The issue to have clean water has always been a topic of importance [1] and access to clean water is a major component to Sustainable Development Goal 6 [2]. Water pollution occurs because of a large number of waste discharges [3] from various sources [4–7]. One of the issues that arises in research activities from chemical laboratories is the production of organic wastewater [8–11]. Generally, organic wastewater from a chemical laboratory consists of a mixture of used water and waste organic solvents [12]. Various efforts have been being established to recycle organic wastewater to produce clean water, such as using zeolite as a purification agent to absorb organic matter dissolved in organic wastewater by utilizing its microporous [13–19].

In addition to using zeolite as an organic matter adsorbent in organic wastewater treatment, the use of materials having voids such as two-dimensional coordination polymers (CPs) [20] for organic wastewater treatment has become interesting to study due to the unlimited variation of metal ions and bridging ligands involved to form novel coordination polymers [21]. These have generated special interests because of the metal ions and the ligands used and thus, these substances should not have side effects on the human body and the environment. Therefore, the development of two-dimensional coordination polymers in the absorption process of small molecules [22, 23] as a purification agent has become useful in the process of organic wastewater purification. We reported on the synthesis and characterisation of a two-dimensional layer coordination polymer {[Co(bitbu-OMe)₂(NCS)₂]·2MeOH}_n synthesized from Co(SCN)₂ and bis-imidazole ligand having a steric hindrance tert-butyl, and a methoxy group called bitbu-OMe where this polymer, Fig. 1, has methanol molecules encapsulated within its voids [24].

In view of the above and in continuation with our research programme to study the purification of water [25–30], herein, we report the functionalization of {[Co(bitbu-OMe)₂(NCS)₂]·2MeOH}_n (1), its action in the purification of organic wastewater in the removal of small organic molecules such as methanol, acetone, acetonitrile, and THF through the utilization of its voids.

2 Material And Methods

All solvents and reagents were available commercially and used without further purification. Powder X-ray diffraction (PXRD) measurement was conducted using the Rigaku Smart Lab. Nuclear magnetic resonance (NMR) measurement was carried out using JEOL ECA-600 Spectrometer. Thermogravimetry-differential thermal analysis (TG-DTA) was performed using Rigaku TG 8121.

The process of small organic molecules removal in organic wastewater by using 1 began with the identification of optimum temperature for desolvation process of 1’s voids through the thermogravimetric analysis (TG analysis). Thus, the process of removing methanol molecules and the stability of the structure of 1 before and after desolvation process through heating was carried out by comparing the simulated PXRD patterns of 1 with and without methanol molecules and the observed PXRD patterns of 1 before and after desolvation process.
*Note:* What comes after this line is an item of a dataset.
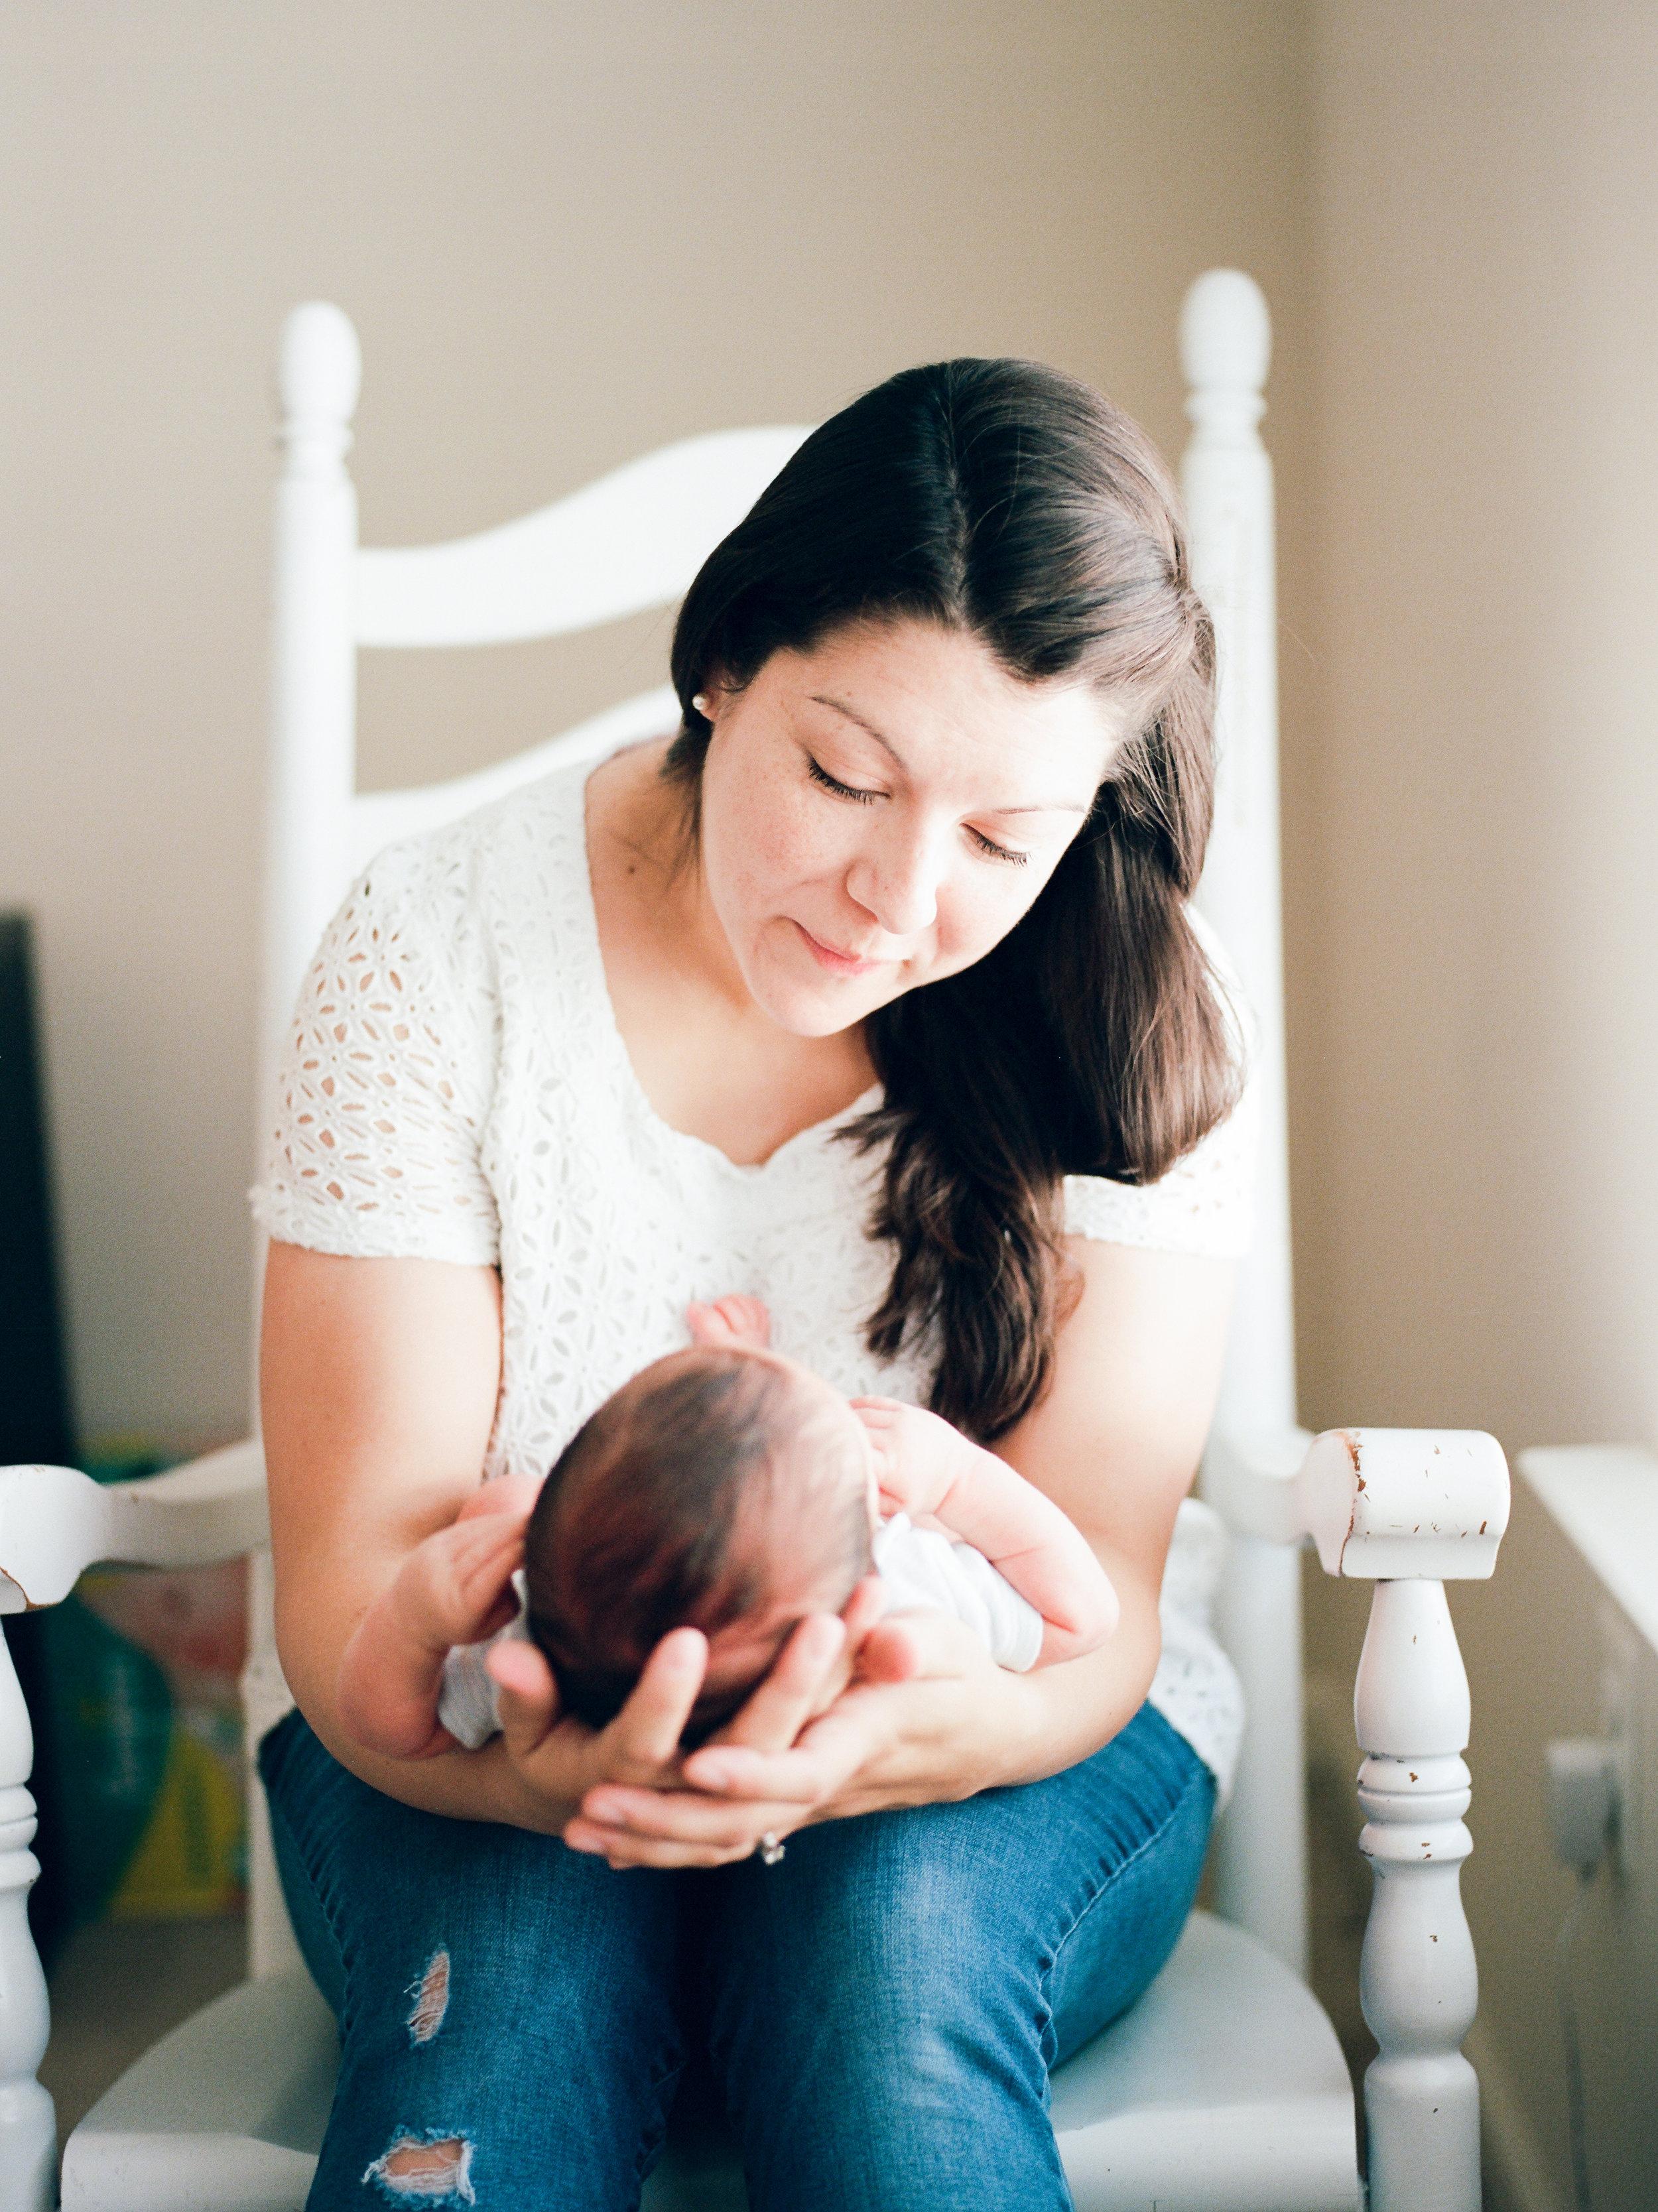 ArmatoPhotography-newborn-portrait-clarksburg-Maryland

The organic wastewater representation was prepared by adding 2,2-dimethylpropan-1-ol (neopentyl alcohol, NPA) (0.018 g, 0.200 mmol) to 20 mL of D₂O. The NPA solution was separated into four vials (5 mL of solution for each vial). 0.400 mmol of each small organic molecule (MeOH, Me₂CO, MeCN, and THF) was added to each vial. 0.500 mL of each small organic matter solution was added into the NMR tube ¹H NMR for analysis (Fig. 2).

The capture of small organic molecules using desolvated 1 was conducted by mixing the powder of desolvated 1 powder (0.040 g, 0.05 mmol) with four small organic molecule solutions. The mixtures of desolvated 1 powder and small organic molecule solutions were stirred for one hour at room temperature. The mixtures were filtered using a filter attached to the syringe. 0.500 mL of each solution was added into the NMR tube for ¹H NMR analysis.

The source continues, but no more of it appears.